I took my stand some yards from the gateway, holding up my white cloth. There was no reaction at all from the fortress. No figures appeared on the walkway above the gatehouse. No cannon was swung down to take aim along the street. No musket or crossbow was thrust out from one of the firing positions on the ramparts.

I took a step forward.

Nothing.

Two more steps. Three. Four.

Suddenly there was the twang of a crossbow, and a quarrel, fast and deadly, whined over my head like a monstrous bee. Instinctively, I ducked, but far too late if the bolt had been aimed at me. Whoever was shooting had aimed deliberately over my head. It was a warning.

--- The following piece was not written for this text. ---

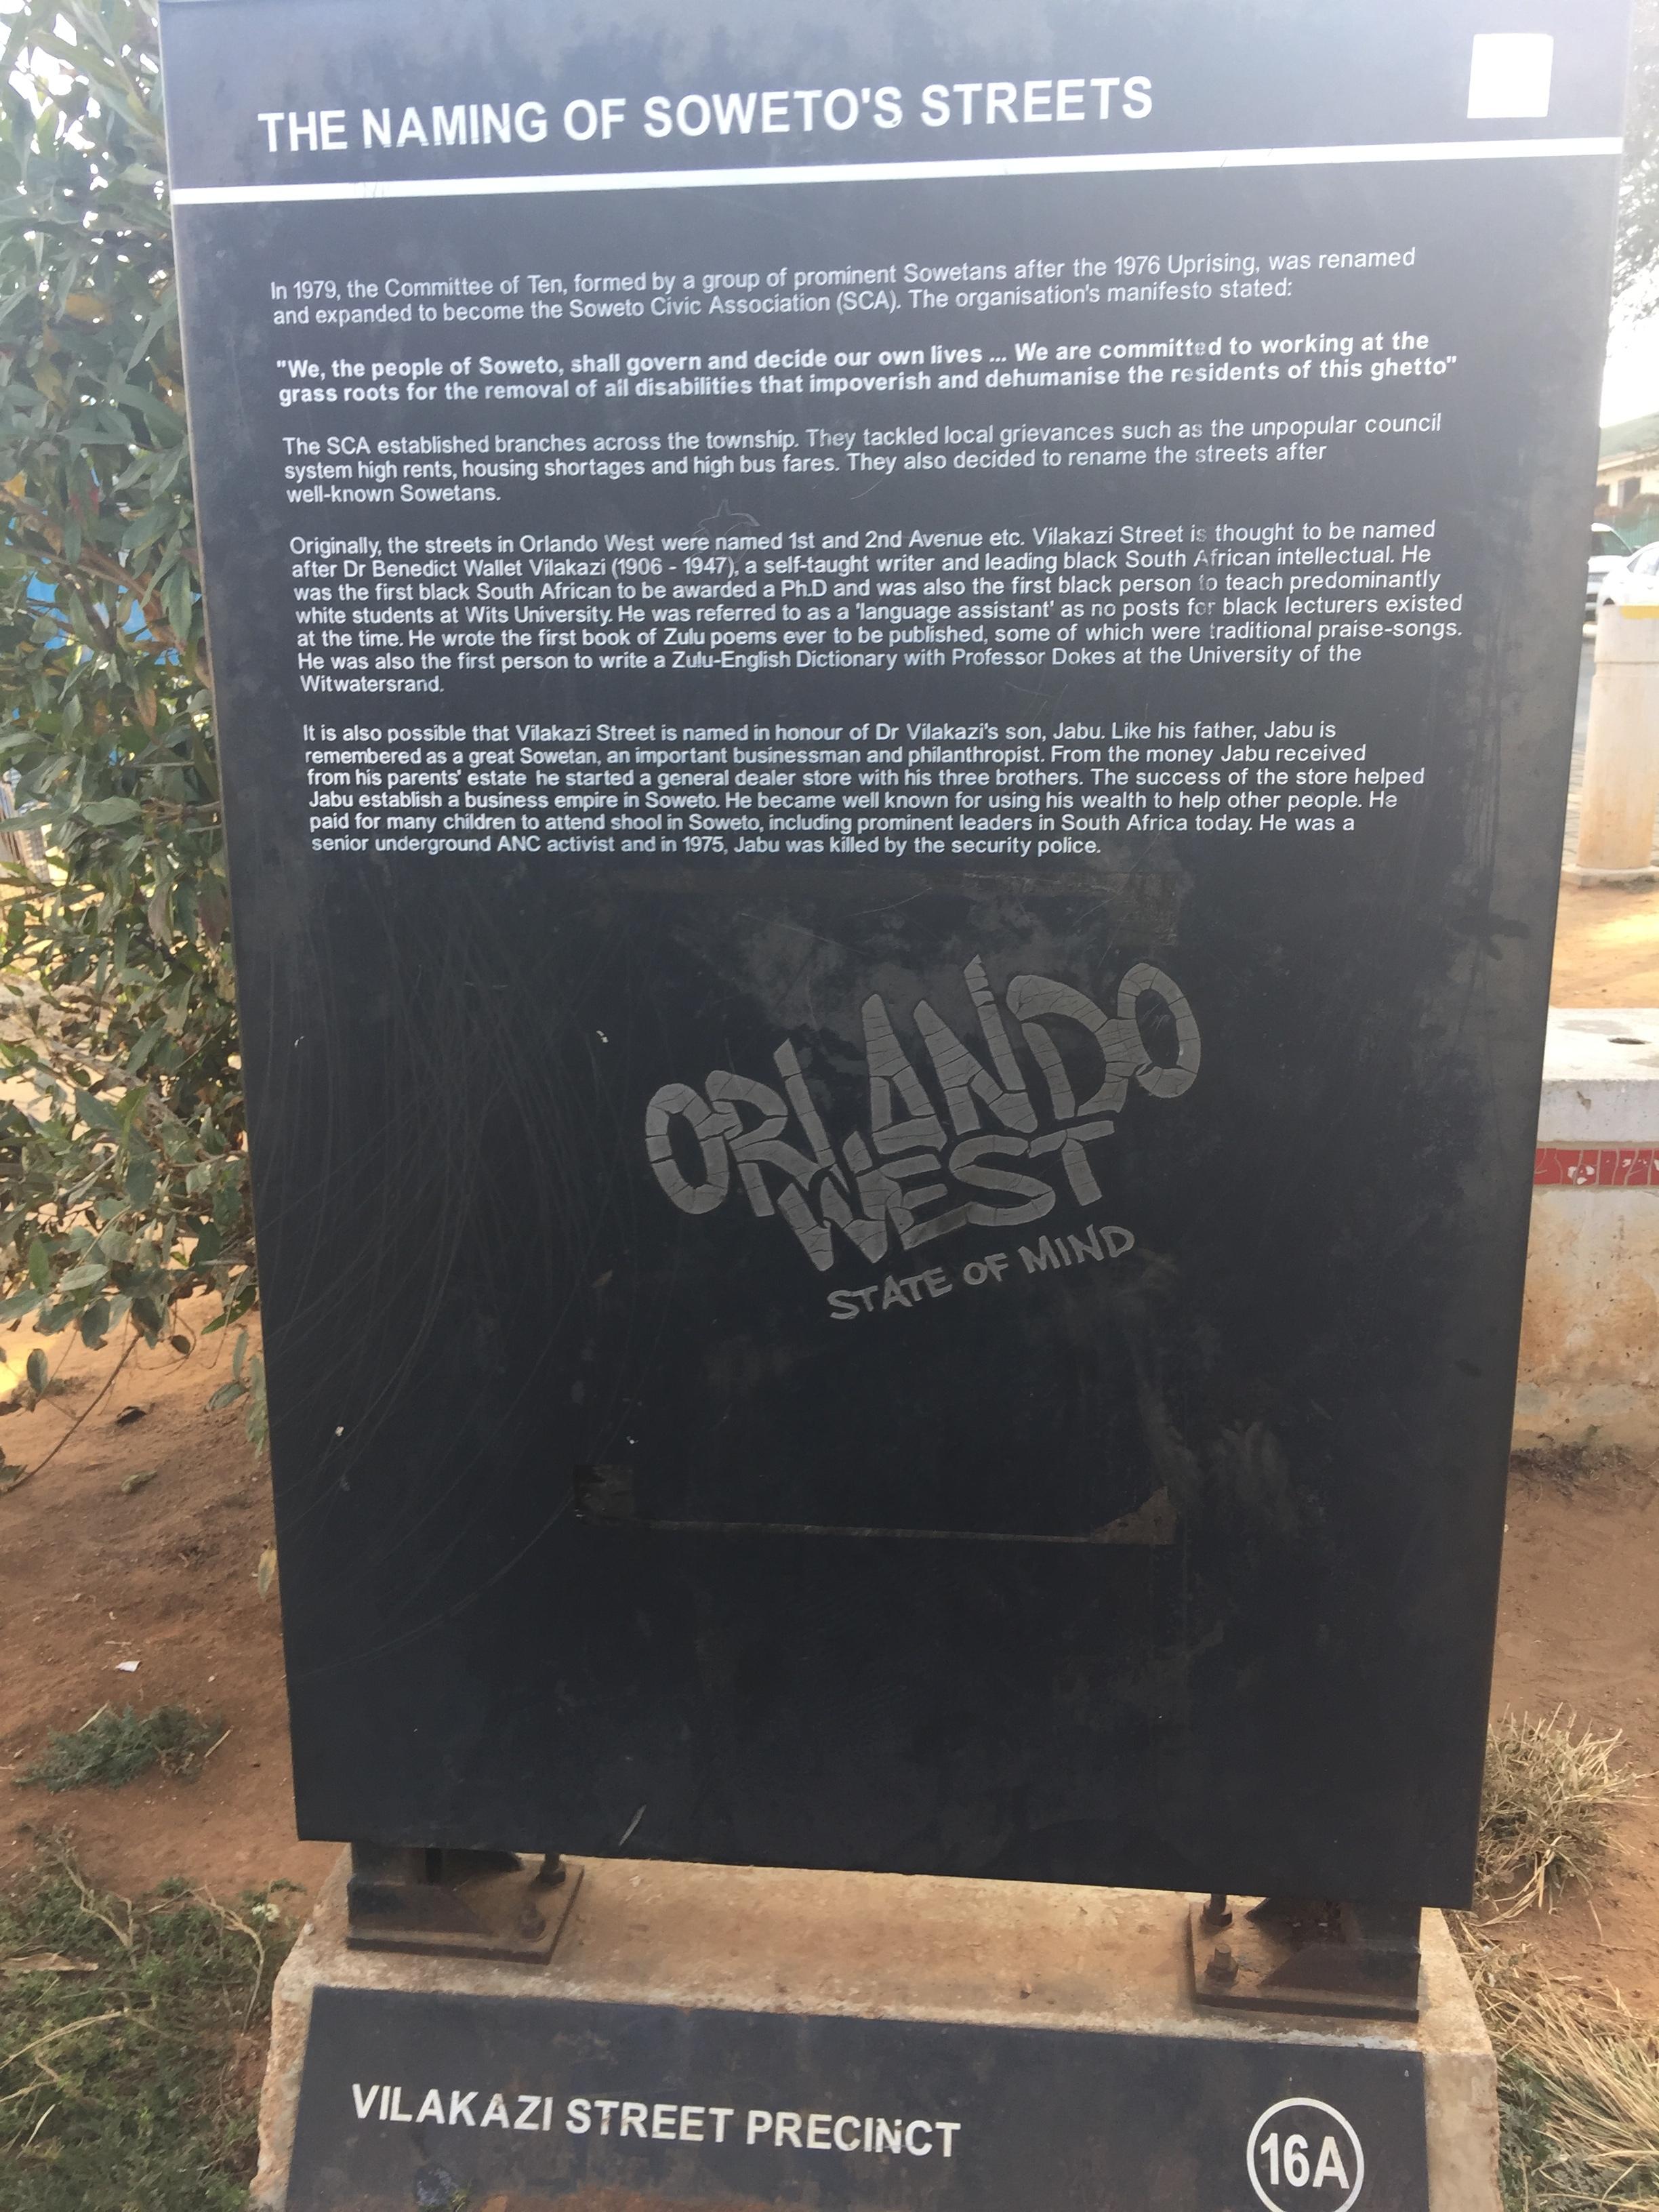 Sign at Vilakazi Street in Soweto

I stopped. What should I do? If I advanced further, the bowman might aim lower and I would have no chance. I wore no armour. A crossbow bolt at this range would pierce me from breast to back and I could not live more than a few minutes. It was too far away to shout, to explain why I had come. I could turn tail and walk away. Or I could go on.

Holding my white cloth above my head, I went on.

Another bolt shot over me and this time I thought I really would vomit, but I kept walking in a kind of numb trance, until I was near enough to make myself heard.

‘Don’t you see my white flag?’ I shouted. ‘I am a doctor. The English have allowed me to come through.’ This time I was careful to speak in highly educated Spanish, allowing no trace of a Portuguese accent to creep in. ‘I have come to help tend the wounded.’

It was a dangerous ruse, but I was counting on that disorganised and panicked rush to the citadel when they had first seen El Dracque’s standard. There might have been one resident physician in the island fortress before the garrison abandoned it, but had he fled here with the soldiers? There would have been no time to organise adequate medical care. If I was lucky, there might not even be a single physician with the soldiers.